■ Material provided

==*==

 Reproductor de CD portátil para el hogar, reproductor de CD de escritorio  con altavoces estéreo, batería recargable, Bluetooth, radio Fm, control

==*==

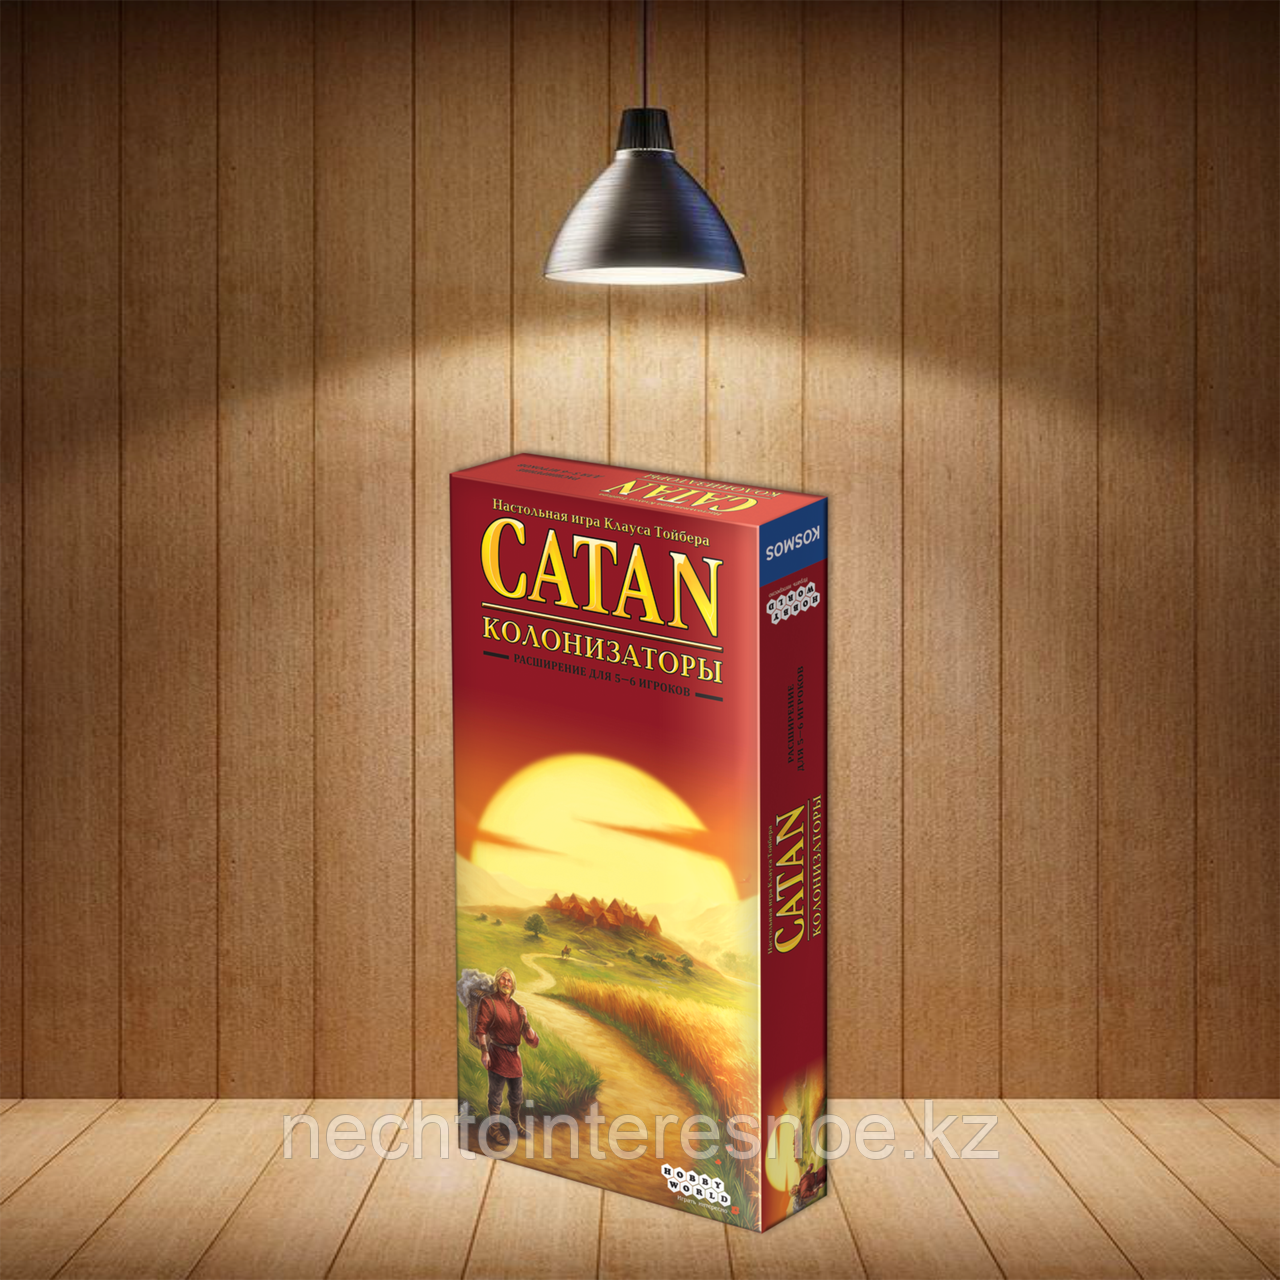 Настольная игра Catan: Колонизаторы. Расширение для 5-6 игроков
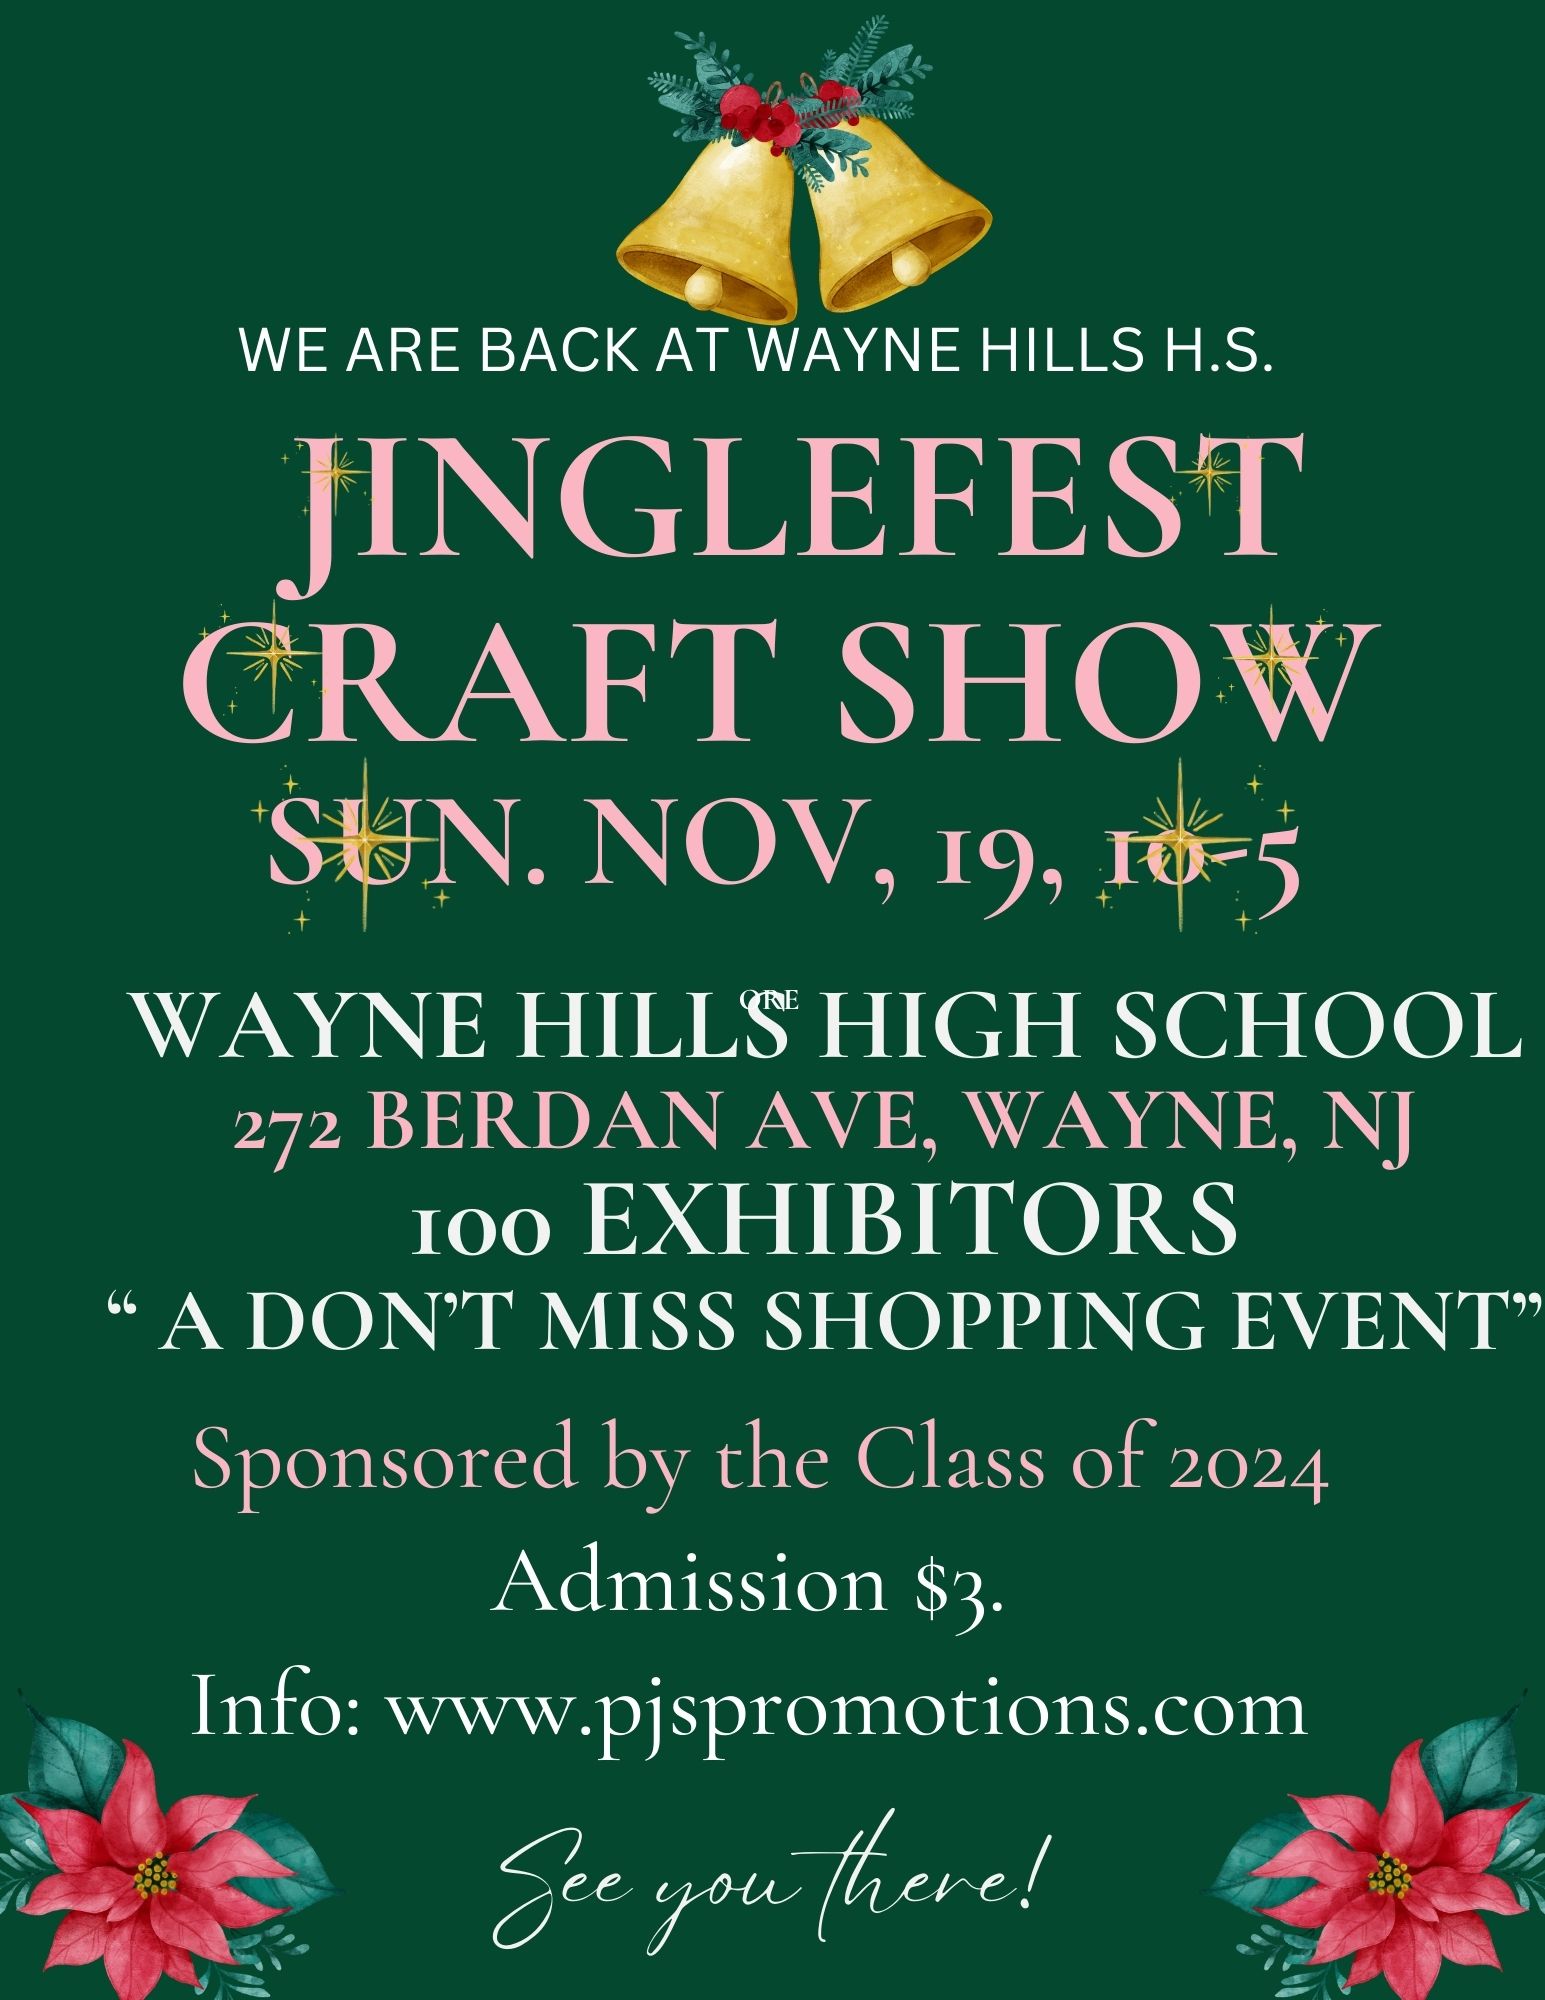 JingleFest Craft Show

==*==

■ Aim of the exercise
When you reach the line with "Настольная игра Catan: Колонизаторы." in the records above, start writing out each line exactly, and stop after the line with "JingleFest Craft Show". Pictures stay out.

■ Solved exercise
 Настольная игра Catan: Колонизаторы. Расширение для 5-6 игроков
 JingleFest Craft Show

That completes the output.